Michigan football's nightmare season seemed like it would only get worse Saturday night.
The Wolverines trailed, 17-0, in the first half of a game they were favored to win by 9.5 points, against a team they have not lost to since 2014.
Then they trailed, 42-35, in overtime after the defense collapsed late in regulation.
But Michigan found a way to win in triple overtime, 48-42, against Rutgers in a crazy, seesaw game.
And it may have found a new quarterback, too.
Here's how the Wolverines beat Rutgers on Saturday night and avoided the upset:
McNamara provides a spark
For a second consecutive week, McNamara replaced Joe Milton as Michigan's quarterback.
This time, the change seems permanent.
McNamara took over under center in the second quarter with the Wolverines trailing, 17-0, and promptly led Michigan to its first scoring drive — and eventually, a much-needed comeback win. He completed 27-of-36 passes for 260 yards and four touchdowns, earning a quarterback rating of 172.3.

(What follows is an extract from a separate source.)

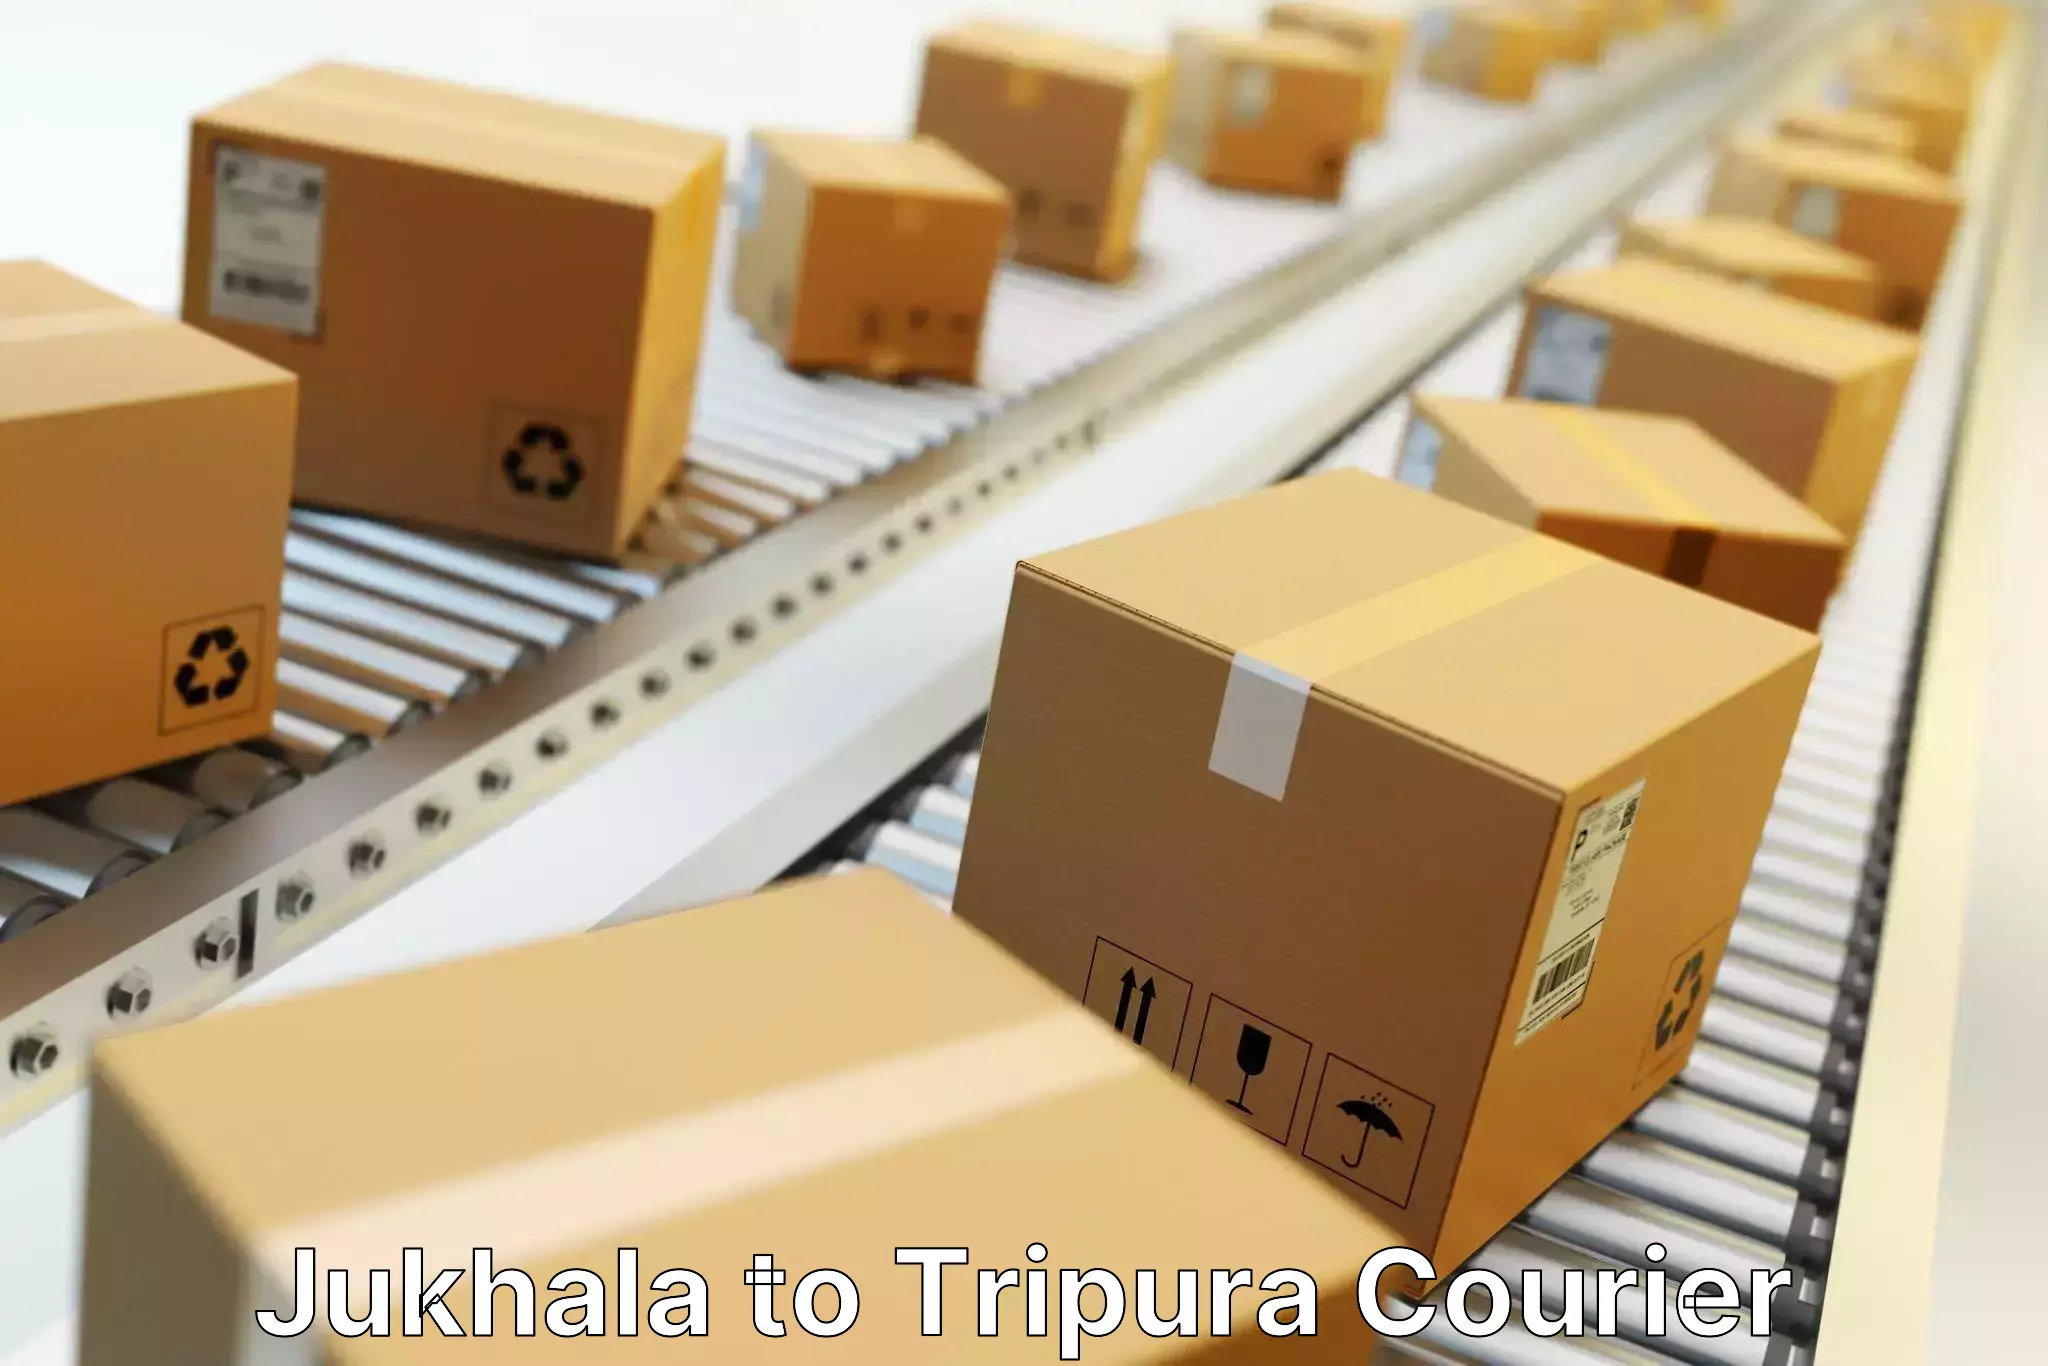 Round-the-clock parcel delivery Jukhala to Tripura

The redshirt freshman's 46-yard touchdown throw to Cornelius Johnson seemed like the result of a blown coverage. But McNamara made plenty of other big plays. He was in control and got the ball out quickly and accurately. With a free rusher in his face, he completed a slant to Chris Evans to complete a crucial fourth down on Michigan's go-ahead touchdown drive.

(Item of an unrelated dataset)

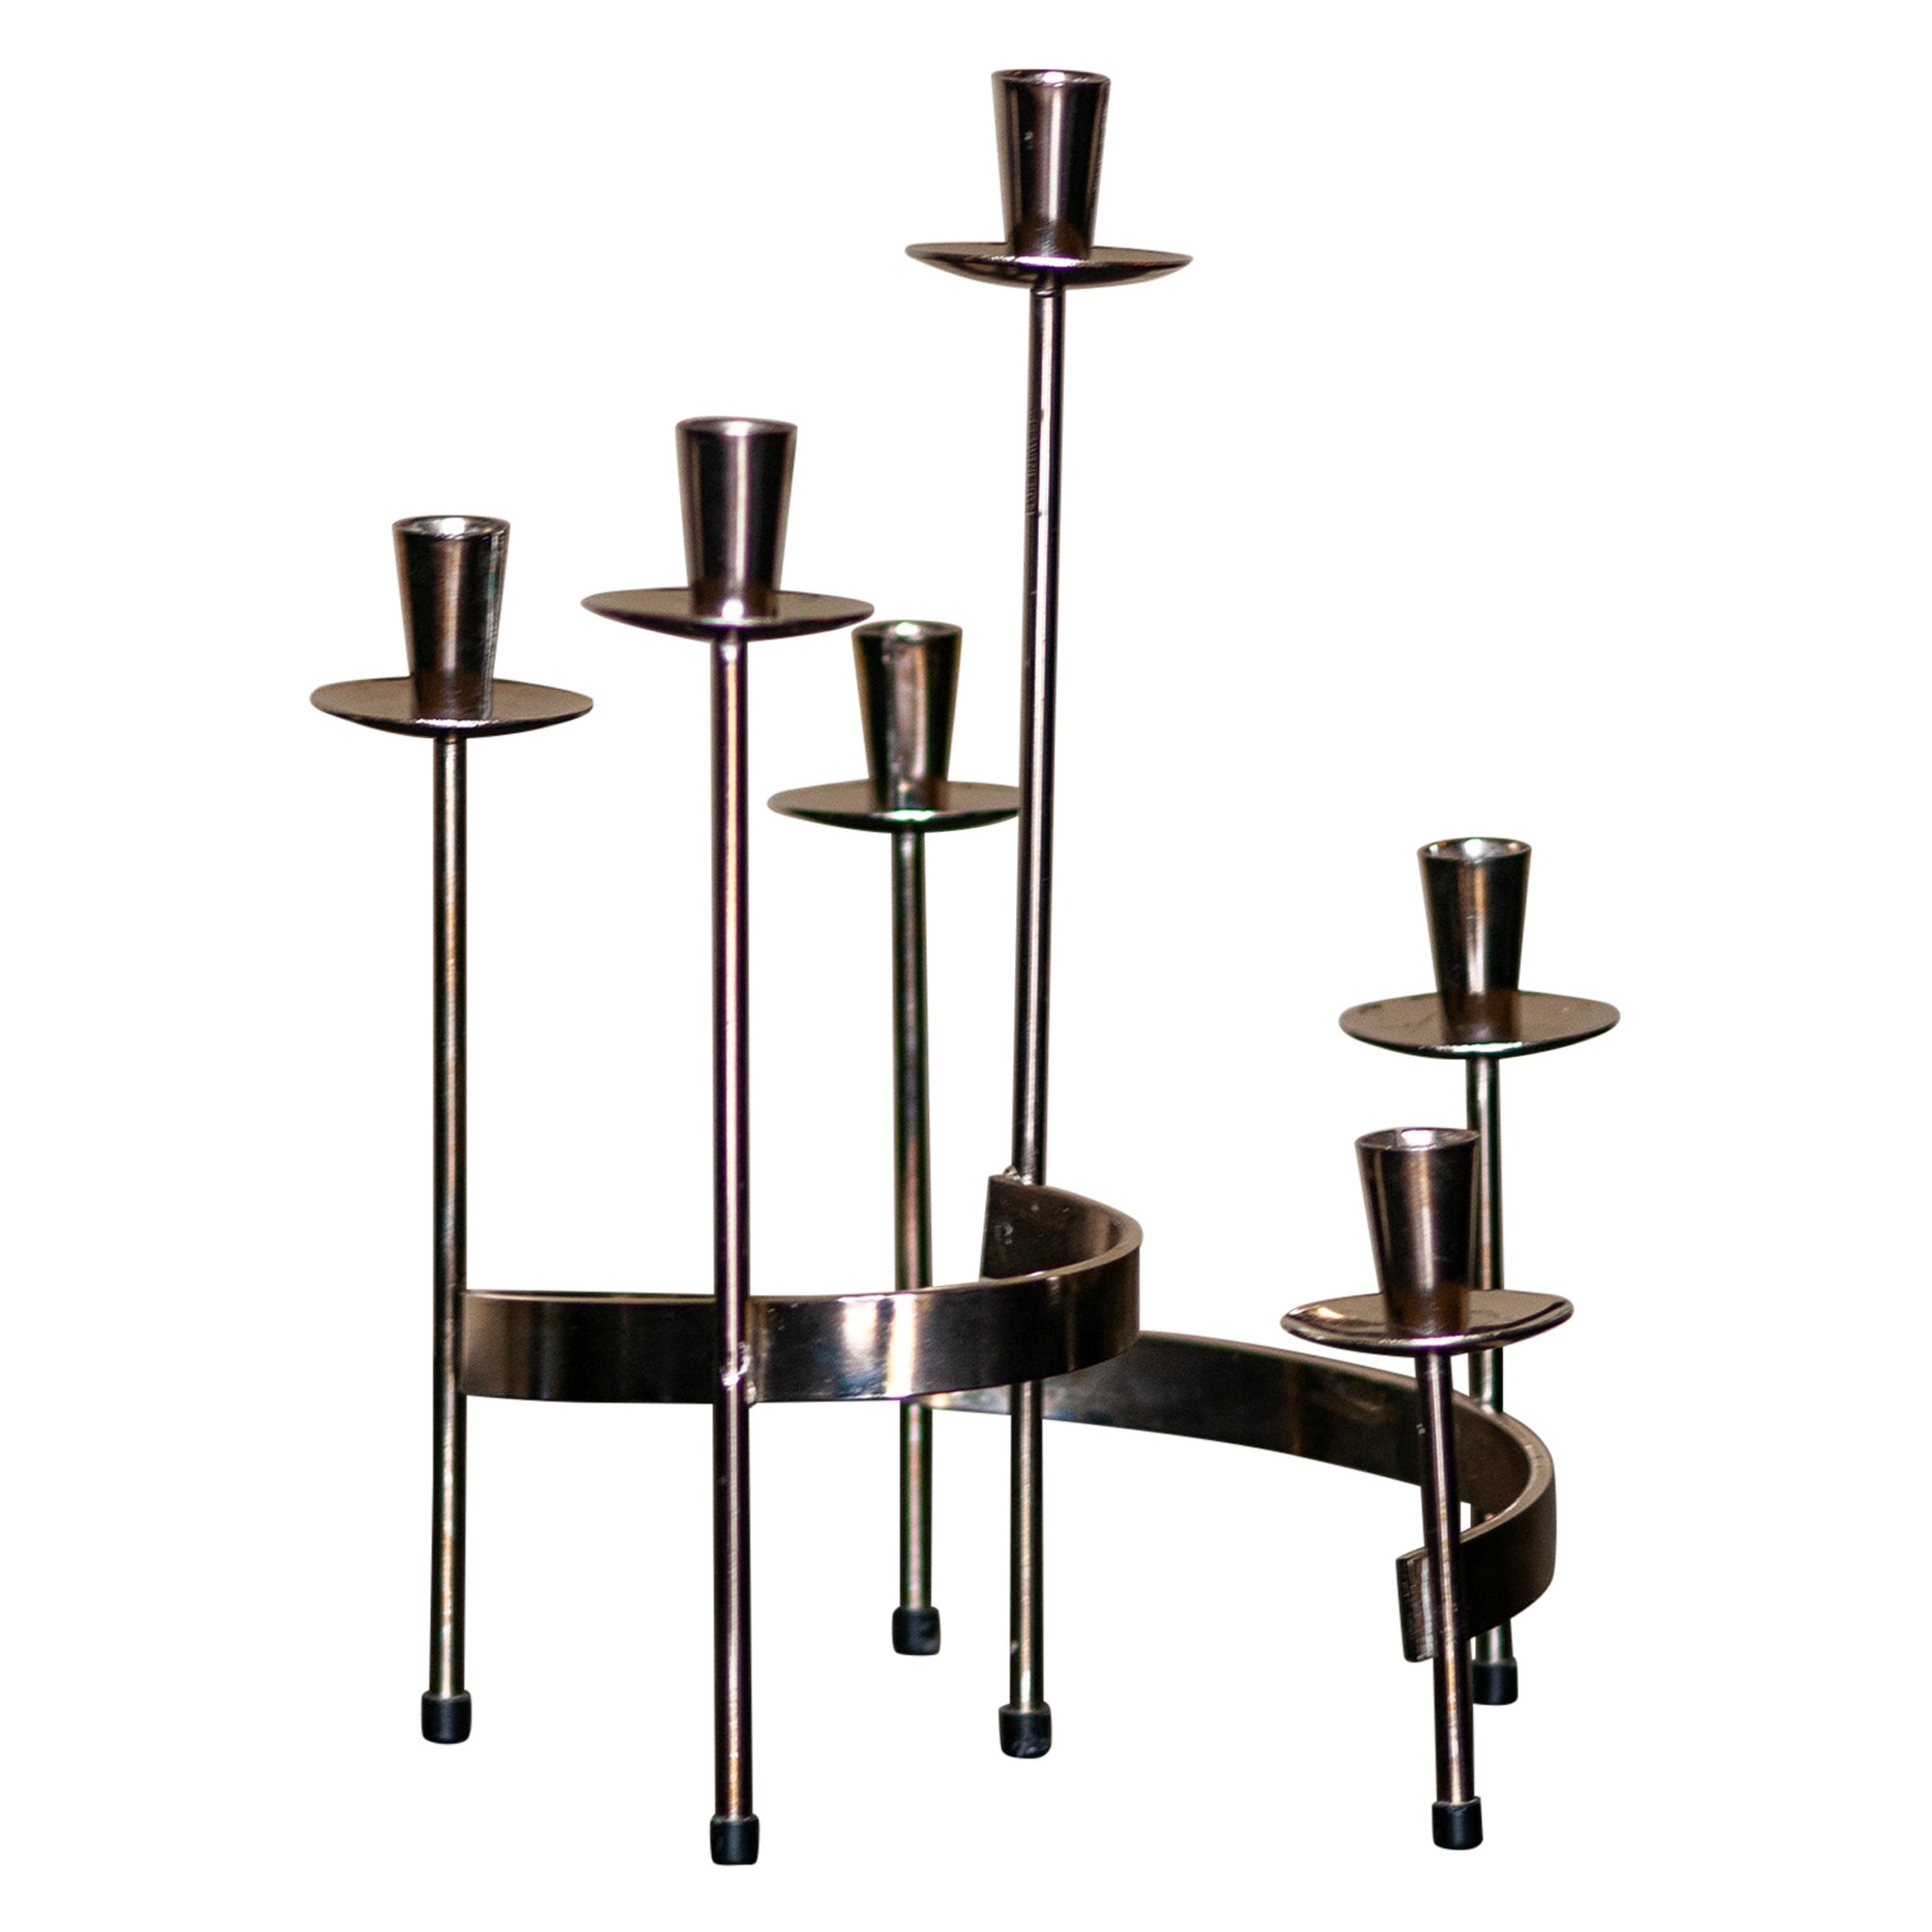 20th Century Candleholder designed by Gunnar Ander for Ystad-Metall

The offense still struggles to run the ball and the comprehensive issues this season cannot all be attributed to the play of Milton. But McNamara has now entered the game in two consecutive weeks and lifted the offense off the ground. And after Saturday's comeback, it would be a surprise if he was not the starter going forward.
Signs of life
Michigan seemed down-and-out after fumbling away its first possession.
The Wolverines gave up 17 consecutive points, and the offense, defense and special teams all made crucial mistakes that seemed to doom Michigan to a fourth consecutive loss. But Michigan picked itself back off the mat — thanks in large part to McNamara. The defense made several crucial stops in the second half, with a key pass breakup in the end-zone from Hunter Reynolds that might have saved four points and a sack from Josh Ross later that led to a Rutgers punt. On special teams, the Wolverines got a key 95-yard kickoff return for a touchdown from Giles Jackson to begin the third quarter. And slowly but surely, Michigan seemed to build its confidence. The sideline began to emanate a palpable energy. And it all culminated in a 12-play, 85-yard touchdown drive that took 6:10 off the clock and gave the Wolverines an eight-point lead.
Michigan was on the brink of collapse after missing a field goal to start overtime and trailing by seven in the second overtime. But the Wolverines' offense came through and delivered the victory, and the defense was able to make up for its mistakes with a game-ending stop.
Michigan's season has not gone the way anyone within the program anticipated, and the Wolverines seemed somewhat shell-shocked during their three-game losing streak. In each loss, Michigan proved unable to respond to early adversity, and that was most apparent in last week's blowout loss to Wisconsin. The Wolverines seemed to reach a new low point in that game after falling behind, 28-0, in the first half. They were poised to reach another low had they lost to the Scarlet Knights for the first time since 2014.
But they pulled off the comeback, and now they have something tangible to build on as they try to turn this season around.
Make no mistake, this is still a very flawed football team. Rutgers was 1-3 and has consistently been the worst team in the Big Ten over the past half decade. And yet the Scarlet Knights looked like the better team for a good portion of Saturday night's game. Michigan's defense struggled, giving up 482 yards, and lost middle linebacker Cam McGrone and safety Brad Hawkins to injury. It's still somewhat unclear how the Wolverines can improve on that side of the ball. The offense, which was stumped last week against Wisconsin, took a significant step forwards. That's one good sign for a team that will have to outscore opponents to win. Meanwhile, Michigan played with an energy and confidence that have been missing since the season opener.
This is a young team in the midst of a rebuild, and it felt like the Wolverines were desperate for a win. Well, they got one — now, we'll see whether they can build off of that, with a winnable game against 0-5 Penn State next weekend.
It wasn't pretty. But the Wolverines picked themselves back off the mat and earned a much-needed victory as questions about the future of the program grew louder and louder over the past several weeks. Those questions haven't been answered yet — but there certainly would have been more of them had Michigan lost to the Big Ten's perennial doormat.